- _Work to complete_
Reproduce the records that follow exactly as they are written.

- _Provided data_
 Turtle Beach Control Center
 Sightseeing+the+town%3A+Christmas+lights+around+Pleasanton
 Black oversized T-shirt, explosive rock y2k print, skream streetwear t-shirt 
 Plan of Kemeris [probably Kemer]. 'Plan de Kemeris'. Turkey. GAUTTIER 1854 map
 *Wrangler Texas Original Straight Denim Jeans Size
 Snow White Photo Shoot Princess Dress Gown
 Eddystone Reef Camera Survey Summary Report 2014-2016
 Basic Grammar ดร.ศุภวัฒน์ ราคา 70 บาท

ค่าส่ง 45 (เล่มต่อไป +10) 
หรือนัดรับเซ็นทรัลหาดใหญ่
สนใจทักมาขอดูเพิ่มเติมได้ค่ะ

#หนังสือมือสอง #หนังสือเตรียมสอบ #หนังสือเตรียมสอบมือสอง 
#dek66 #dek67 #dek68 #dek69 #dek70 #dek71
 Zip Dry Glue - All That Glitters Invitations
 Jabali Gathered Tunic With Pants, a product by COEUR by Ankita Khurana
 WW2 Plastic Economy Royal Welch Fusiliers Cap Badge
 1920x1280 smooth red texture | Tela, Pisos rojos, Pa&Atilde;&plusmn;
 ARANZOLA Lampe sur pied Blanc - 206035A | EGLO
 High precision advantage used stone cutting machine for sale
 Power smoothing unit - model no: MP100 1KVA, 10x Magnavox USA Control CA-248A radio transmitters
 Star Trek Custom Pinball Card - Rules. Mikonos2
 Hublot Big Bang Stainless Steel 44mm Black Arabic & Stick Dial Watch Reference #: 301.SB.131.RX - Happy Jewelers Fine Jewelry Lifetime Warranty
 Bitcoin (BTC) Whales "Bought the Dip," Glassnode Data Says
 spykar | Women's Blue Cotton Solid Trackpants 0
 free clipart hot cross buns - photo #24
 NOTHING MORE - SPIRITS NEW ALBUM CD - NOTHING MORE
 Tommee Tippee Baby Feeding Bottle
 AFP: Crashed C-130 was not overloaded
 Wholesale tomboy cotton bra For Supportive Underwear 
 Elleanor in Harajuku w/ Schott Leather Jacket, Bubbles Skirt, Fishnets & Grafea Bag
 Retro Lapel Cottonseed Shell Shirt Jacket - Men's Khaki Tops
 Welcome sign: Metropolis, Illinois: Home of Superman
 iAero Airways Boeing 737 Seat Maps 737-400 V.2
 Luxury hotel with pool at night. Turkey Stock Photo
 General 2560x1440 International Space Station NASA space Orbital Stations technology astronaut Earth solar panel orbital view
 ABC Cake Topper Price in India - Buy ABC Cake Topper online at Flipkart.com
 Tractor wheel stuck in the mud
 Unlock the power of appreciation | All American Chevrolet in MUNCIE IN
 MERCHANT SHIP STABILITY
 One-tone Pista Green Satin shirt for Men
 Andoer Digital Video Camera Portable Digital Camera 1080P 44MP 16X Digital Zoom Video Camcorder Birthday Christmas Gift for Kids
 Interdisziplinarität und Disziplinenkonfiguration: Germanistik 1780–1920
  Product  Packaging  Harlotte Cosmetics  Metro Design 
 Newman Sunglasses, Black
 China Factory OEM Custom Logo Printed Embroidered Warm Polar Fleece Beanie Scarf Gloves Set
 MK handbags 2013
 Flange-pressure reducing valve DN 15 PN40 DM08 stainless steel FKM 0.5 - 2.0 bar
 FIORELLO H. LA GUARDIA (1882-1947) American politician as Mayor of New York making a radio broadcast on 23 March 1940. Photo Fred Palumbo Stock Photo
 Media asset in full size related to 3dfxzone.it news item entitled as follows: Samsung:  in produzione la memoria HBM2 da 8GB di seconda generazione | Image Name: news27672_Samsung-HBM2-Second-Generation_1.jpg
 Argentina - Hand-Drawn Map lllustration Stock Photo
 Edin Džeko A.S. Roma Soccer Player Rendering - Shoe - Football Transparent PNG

- _The answer_
 Turtle Beach Control Center
 Sightseeing+the+town%3A+Christmas+lights+around+Pleasanton
 Black oversized T-shirt, explosive rock y2k print, skream streetwear t-shirt 
 Plan of Kemeris [probably Kemer]. 'Plan de Kemeris'. Turkey. GAUTTIER 1854 map
 *Wrangler Texas Original Straight Denim Jeans Size
 Snow White Photo Shoot Princess Dress Gown
 Eddystone Reef Camera Survey Summary Report 2014-2016
 Basic Grammar ดร.ศุภวัฒน์ ราคา 70 บาท

ค่าส่ง 45 (เล่มต่อไป +10) 
หรือนัดรับเซ็นทรัลหาดใหญ่
สนใจทักมาขอดูเพิ่มเติมได้ค่ะ

#หนังสือมือสอง #หนังสือเตรียมสอบ #หนังสือเตรียมสอบมือสอง 
#dek66 #dek67 #dek68 #dek69 #dek70 #dek71
 Zip Dry Glue - All That Glitters Invitations
 Jabali Gathered Tunic With Pants, a product by COEUR by Ankita Khurana
 WW2 Plastic Economy Royal Welch Fusiliers Cap Badge
 1920x1280 smooth red texture | Tela, Pisos rojos, Pa&Atilde;&plusmn;
 ARANZOLA Lampe sur pied Blanc - 206035A | EGLO
 High precision advantage used stone cutting machine for sale
 Power smoothing unit - model no: MP100 1KVA, 10x Magnavox USA Control CA-248A radio transmitters
 Star Trek Custom Pinball Card - Rules. Mikonos2
 Hublot Big Bang Stainless Steel 44mm Black Arabic & Stick Dial Watch Reference #: 301.SB.131.RX - Happy Jewelers Fine Jewelry Lifetime Warranty
 Bitcoin (BTC) Whales "Bought the Dip," Glassnode Data Says
 spykar | Women's Blue Cotton Solid Trackpants 0
 free clipart hot cross buns - photo #24
 NOTHING MORE - SPIRITS NEW ALBUM CD - NOTHING MORE
 Tommee Tippee Baby Feeding Bottle
 AFP: Crashed C-130 was not overloaded
 Wholesale tomboy cotton bra For Supportive Underwear 
 Elleanor in Harajuku w/ Schott Leather Jacket, Bubbles Skirt, Fishnets & Grafea Bag
 Retro Lapel Cottonseed Shell Shirt Jacket - Men's Khaki Tops
 Welcome sign: Metropolis, Illinois: Home of Superman
 iAero Airways Boeing 737 Seat Maps 737-400 V.2
 Luxury hotel with pool at night. Turkey Stock Photo
 General 2560x1440 International Space Station NASA space Orbital Stations technology astronaut Earth solar panel orbital view
 ABC Cake Topper Price in India - Buy ABC Cake Topper online at Flipkart.com
 Tractor wheel stuck in the mud
 Unlock the power of appreciation | All American Chevrolet in MUNCIE IN
 MERCHANT SHIP STABILITY
 One-tone Pista Green Satin shirt for Men
 Andoer Digital Video Camera Portable Digital Camera 1080P 44MP 16X Digital Zoom Video Camcorder Birthday Christmas Gift for Kids
 Interdisziplinarität und Disziplinenkonfiguration: Germanistik 1780–1920
  Product  Packaging  Harlotte Cosmetics  Metro Design 
 Newman Sunglasses, Black
 China Factory OEM Custom Logo Printed Embroidered Warm Polar Fleece Beanie Scarf Gloves Set
 MK handbags 2013
 Flange-pressure reducing valve DN 15 PN40 DM08 stainless steel FKM 0.5 - 2.0 bar
 FIORELLO H. LA GUARDIA (1882-1947) American politician as Mayor of New York making a radio broadcast on 23 March 1940. Photo Fred Palumbo Stock Photo
 Media asset in full size related to 3dfxzone.it news item entitled as follows: Samsung:  in produzione la memoria HBM2 da 8GB di seconda generazione | Image Name: news27672_Samsung-HBM2-Second-Generation_1.jpg
 Argentina - Hand-Drawn Map lllustration Stock Photo
 Edin Džeko A.S. Roma Soccer Player Rendering - Shoe - Football Transparent PNG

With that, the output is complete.